Die Tränen der Richterin seien "dem Drama, das hier passiert ist, angemessen", sagt Verteidigerin Regina Rick, die auch schon Justizopfer Manfred Genditzki vor Gericht vertreten hat, und fordert Konsequenzen für die Richterin aus dem ersten Verfahren um den mutmaßlichen - oder vermeintlichen - Mord an Hanna und für die Ermittler der Kriminalpolizei in Rosenheim, die "Beweismittel regelrecht unterschlagen" habe.
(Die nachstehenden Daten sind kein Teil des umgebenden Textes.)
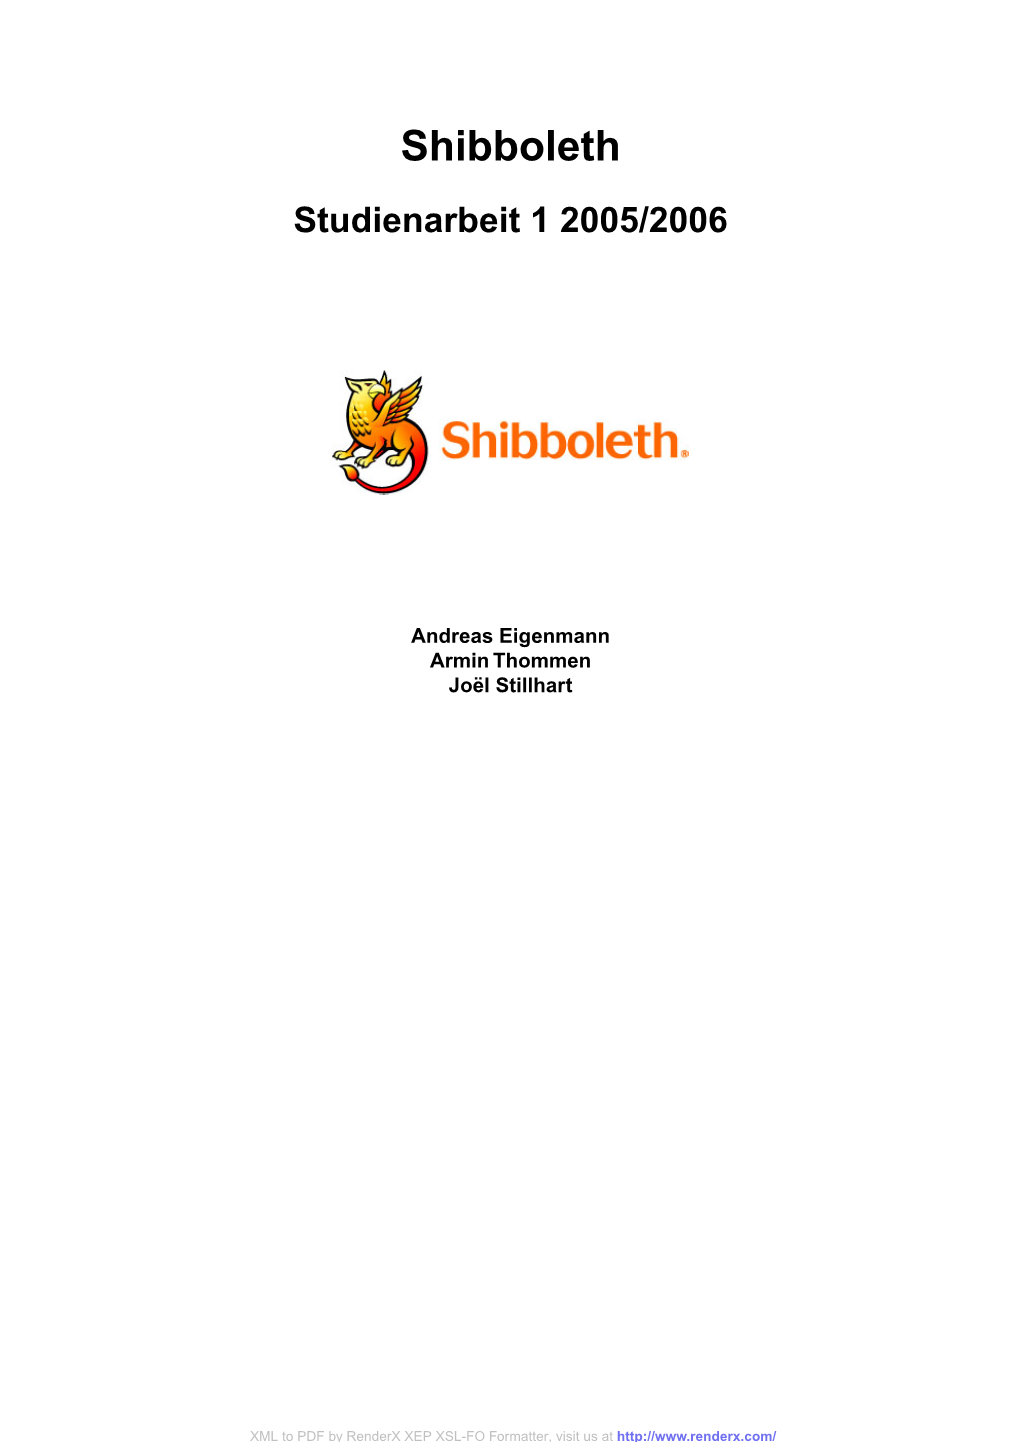 Shibboleth Studienarbeit 1 2005/2006
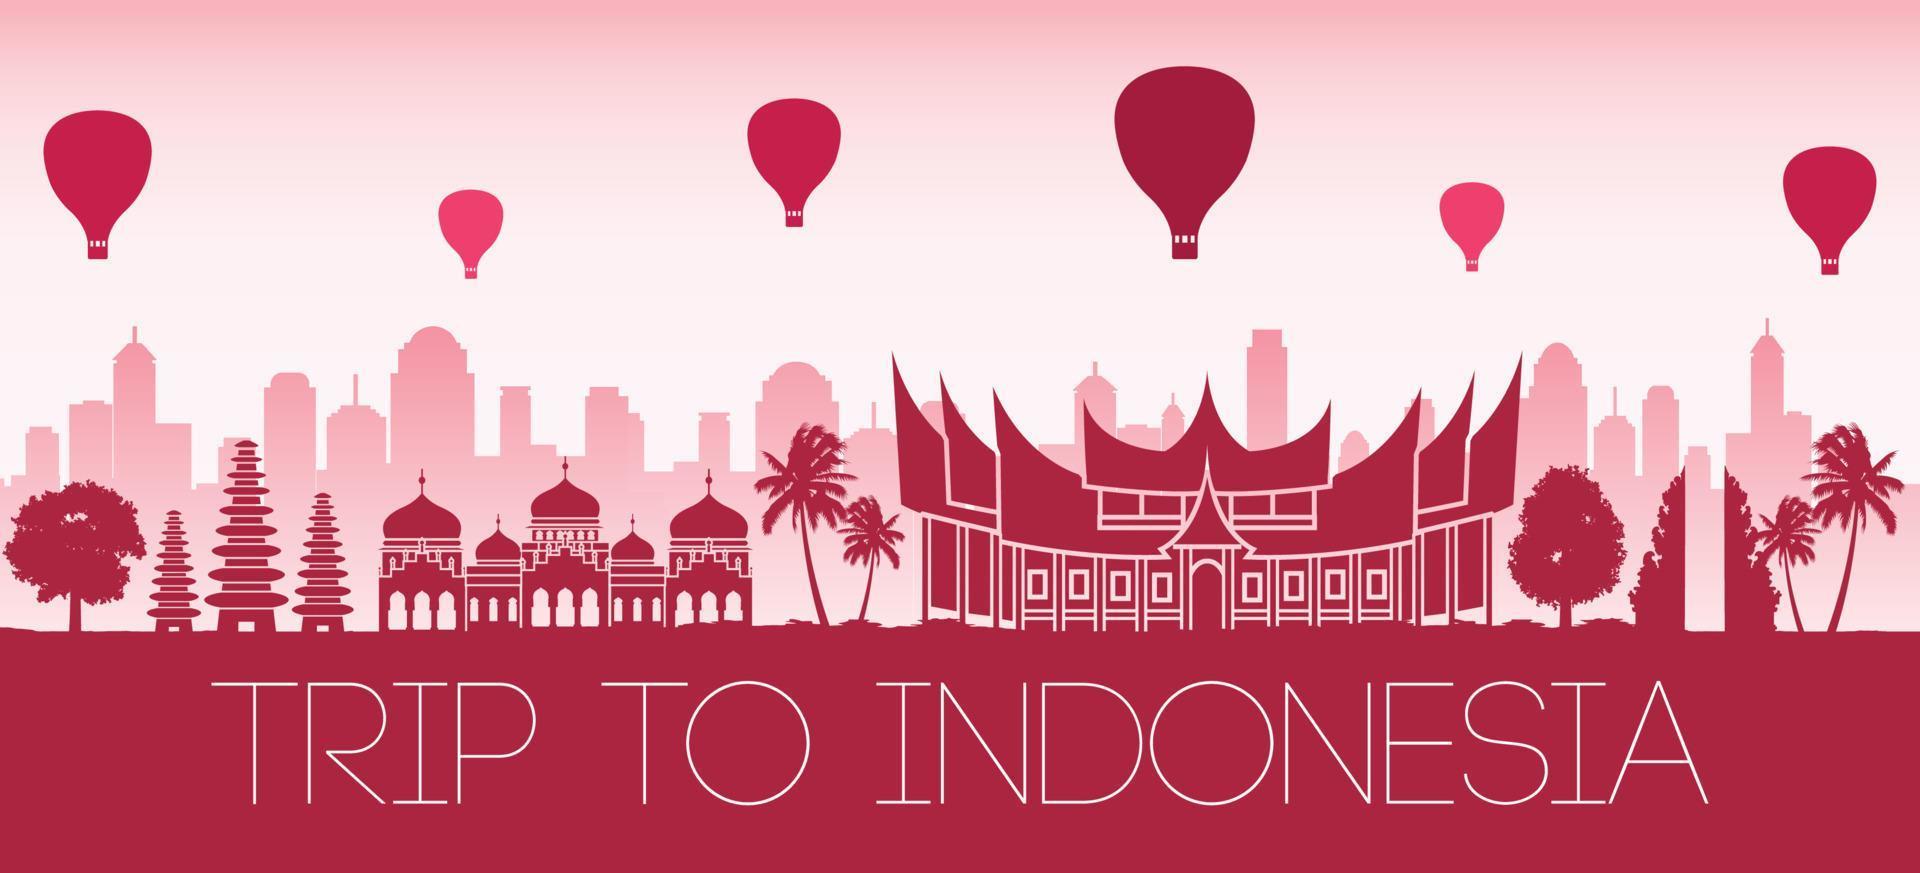 Indonésia famoso ponto turístico por balão flutuando na cor da bandeira com design de silhueta vermelha vetor

Tod nach "Eiskeller"-Party
Hanna war in der Nacht zum 3. Oktober 2022 nach einer Partynacht in der Aschauer Disco "Eiskeller" tot im Fluss Prien entdeckt worden, mit vielen Verletzungen. Einige Wochen später wurde der junge Mann festgenommen und später angeklagt.
Im März 2024 verurteilte ihn das Landgericht Traunstein wegen Mordes zu einer Jugendstrafe von neun Jahren. Der Bundesgerichtshof hob das Urteil aber wegen eines Verfahrensfehlers auf, sodass der Fall Ende September neu aufgerollt wurde - und nun zu einem gänzlich anderen Ergebnis kam.
Gericht nennt Zeugen "unglaubwürdig"
Die Anklage gegen den jungen Mann war in den Räumen des Amtsgerichts Laufen, wo das Traunsteiner Landgericht aus Platzgründen verhandelte, regelrecht zusammengefallen. Zeugen, denen gegenüber der inzwischen 23-Jährige die Tat gestanden haben soll, bewertet das Gericht als "unglaubwürdig" - und andere Beweise gegen ihn gab es nicht. "Keine Spuren", sagt Richterin Will. "Es gibt keine Mordwaffe" und "keinen einzigen überzeugungskräftigen Indizienbeweis".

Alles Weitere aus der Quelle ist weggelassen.